Patent Application
20060256752
The present invention relates generally to the field of communication networks and in particular to a system and method for handing off a call from a packet data wireless network to a circuit switched wireless network.
Early wireless communication networks were circuit switched, with a communication channel dedicated to each call. A network “channel” may comprise a particular transmission frequency, a time slot in a Time Division Multiple Access (TDMA) system, a unique spreading code in a Code Division Multiple Access (CDMA) system, or the like. Circuit switched wireless networks are widely deployed and extensively used, communicating both voice and digital data to and from mobile users using mobile terminals (MT).

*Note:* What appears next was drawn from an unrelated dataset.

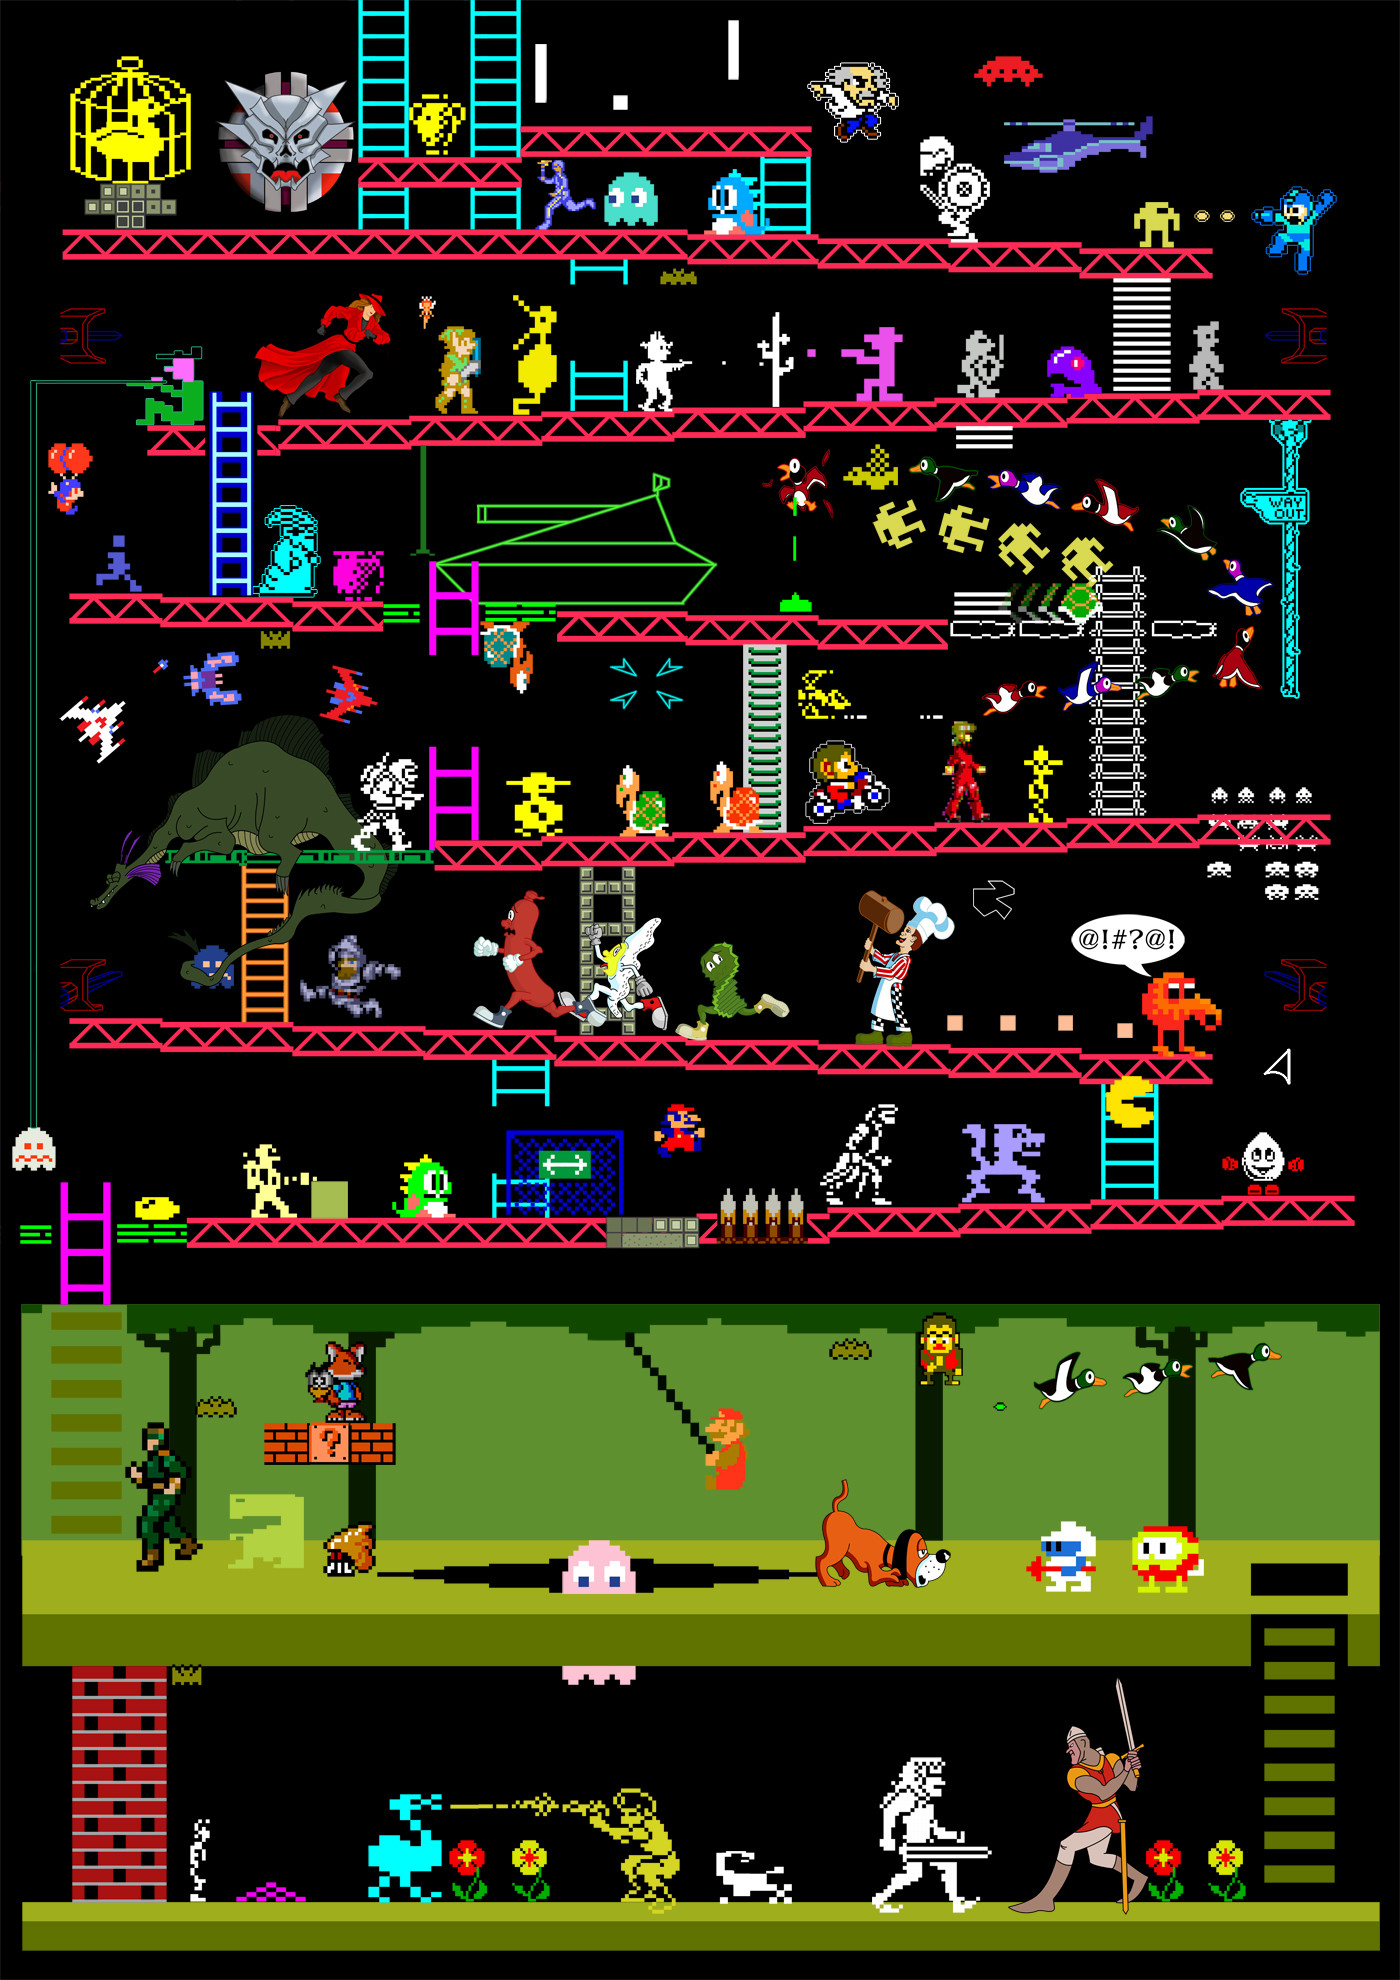 Classic Video and Arcade Games Mashup by Elomin Judan Sha

With the rapid growth of the Internet, technological advances in packet data networks have yielded network architectures, protocols, and equipment that route data in autonomous units (“packets”) using shared channels with high speed, low latency, and high network resource utilization efficiency. Recently, dedicated packet data wireless communication networks have been developed and deployed that route packetized voice (such as Voice over IP, or VoIP) and data packets to and from mobile users using mobile access terminals (AT). The distinguishing characteristic of such packet data wireless networks, as opposed to circuit switched wireless networks with packet data transmission capabilities, is that packet data for multiple users is transmitted over one or more shared, high bandwidth channels, rather than a dedicated channel being assigned to each user (or call). One example of such a dedicated packet data wireless communication network is the CDMA 1×EV-DO standard. The development, deployment, and use of packet data a wireless networks is expected to increase.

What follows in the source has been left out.